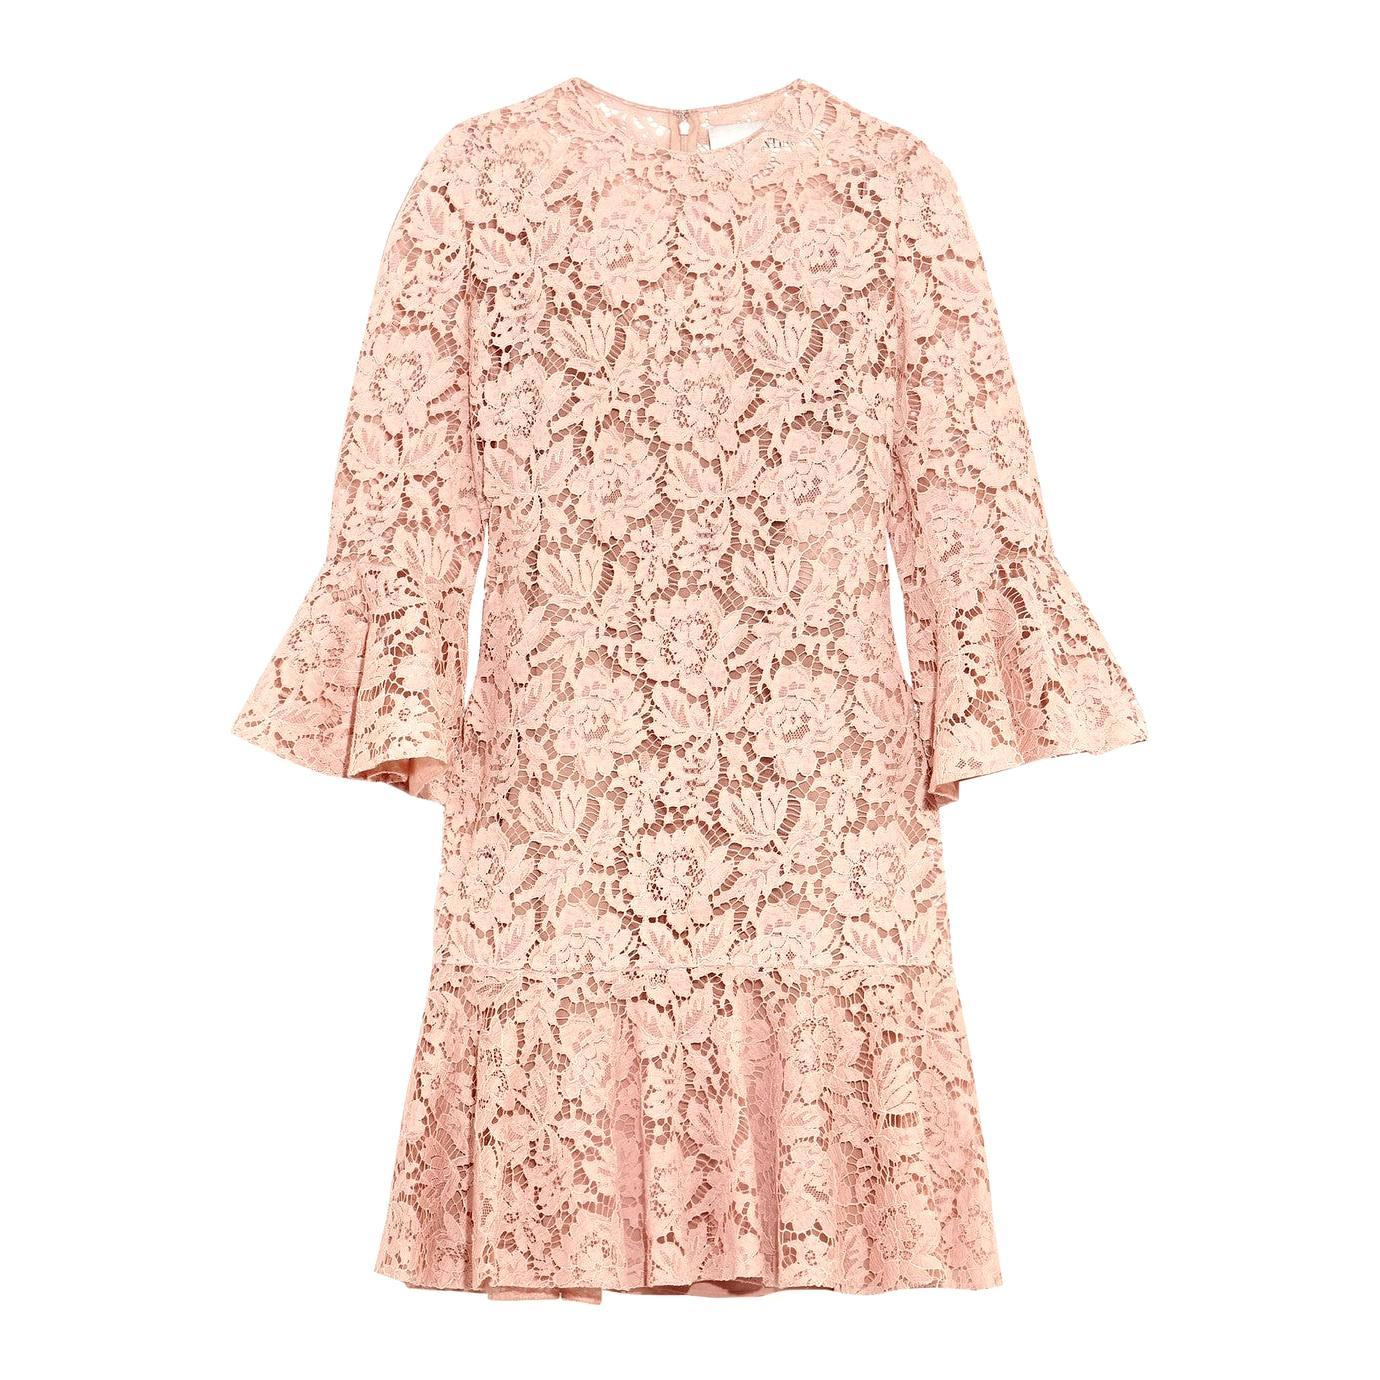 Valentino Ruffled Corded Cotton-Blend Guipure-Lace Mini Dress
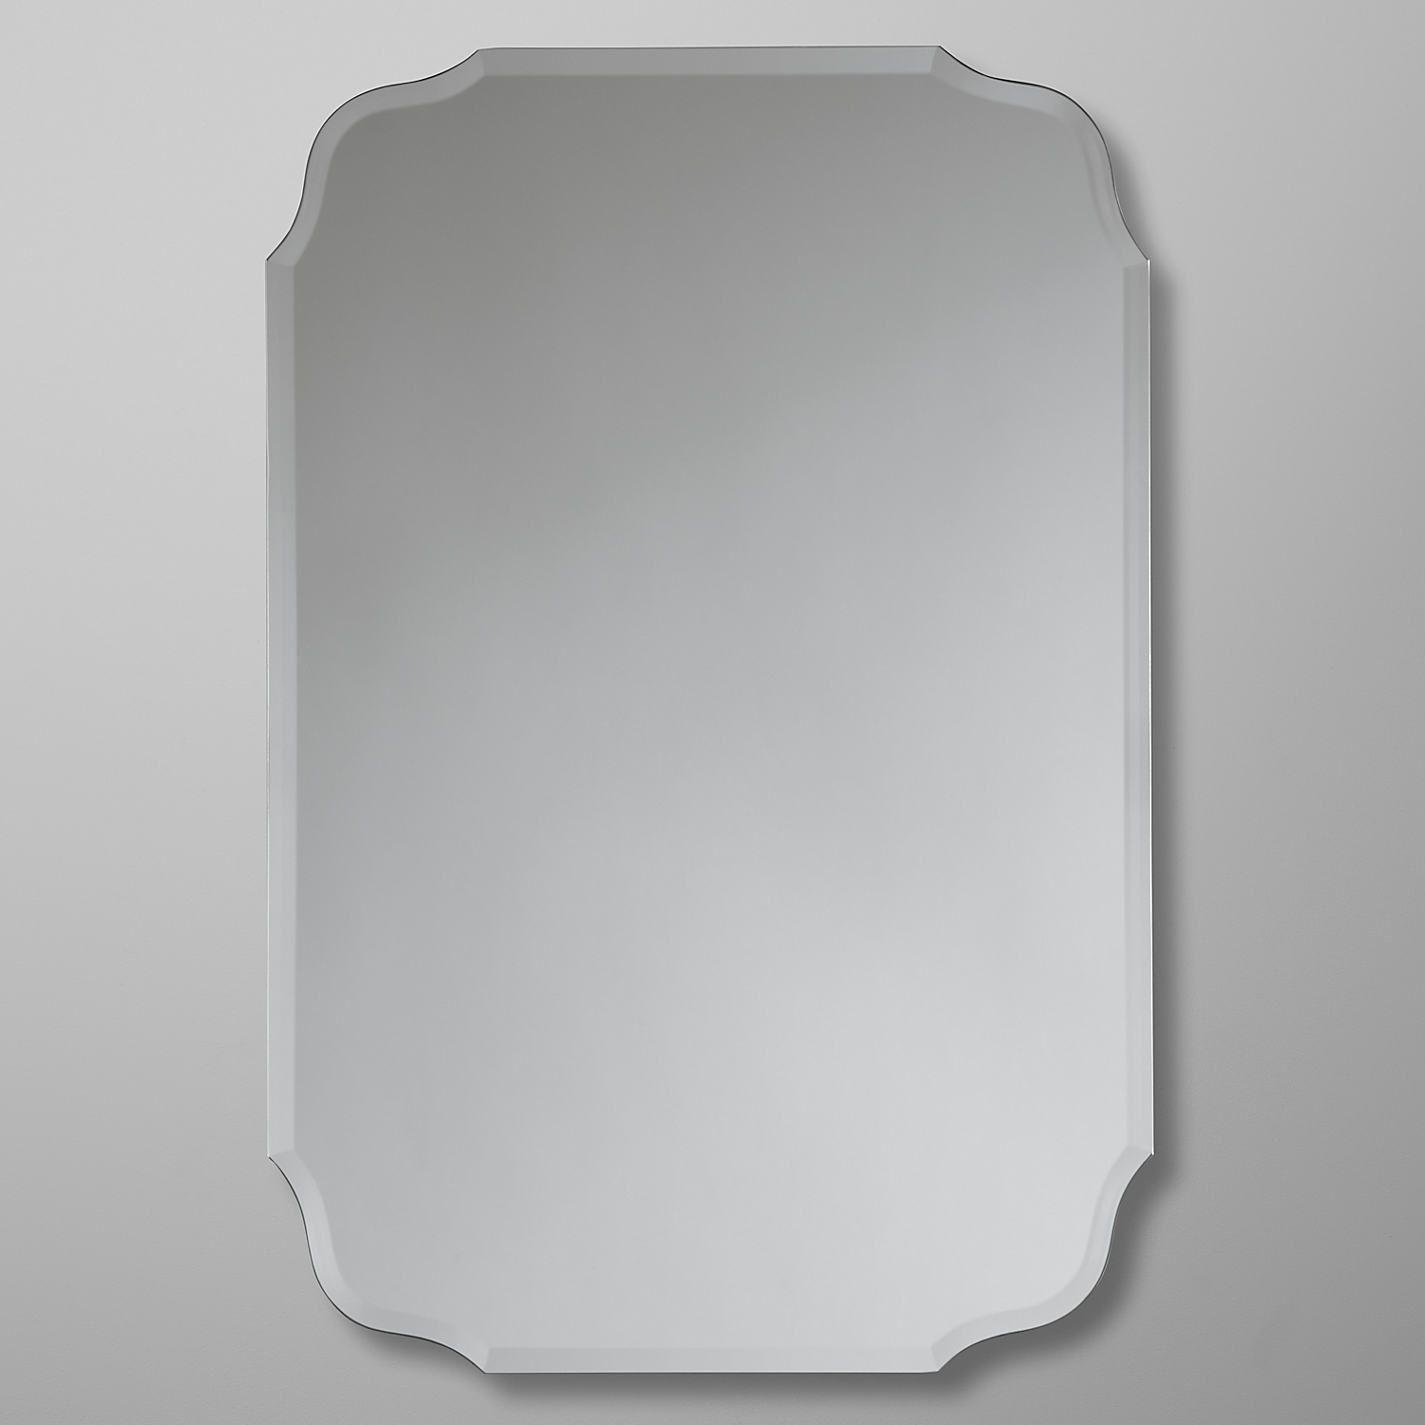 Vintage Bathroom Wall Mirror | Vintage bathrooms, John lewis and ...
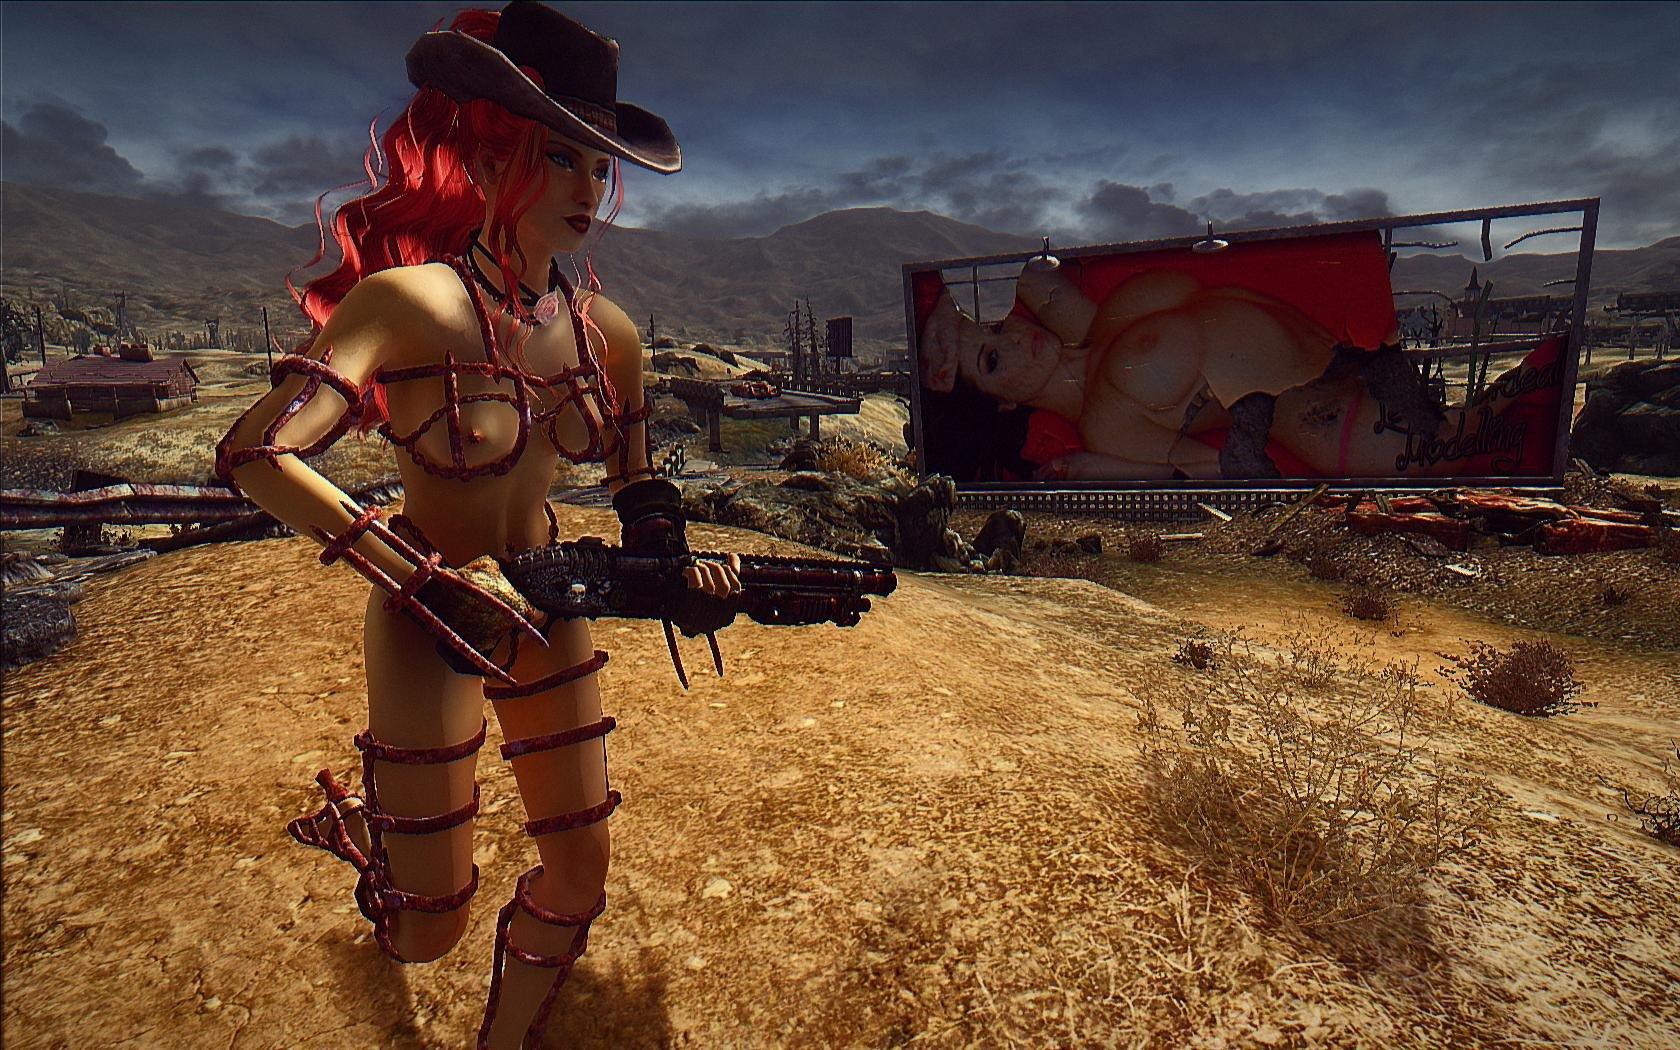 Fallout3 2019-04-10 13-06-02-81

WORK INSTRUCTION: The response consists of the data above printed line for line, with no pictures.

SOLVED EXERCISE:
 Valentino Ruffled Corded Cotton-Blend Guipure-Lace Mini Dress
 Vintage Bathroom Wall Mirror | Vintage bathrooms, John lewis and ...
 Fallout3 2019-04-10 13-06-02-81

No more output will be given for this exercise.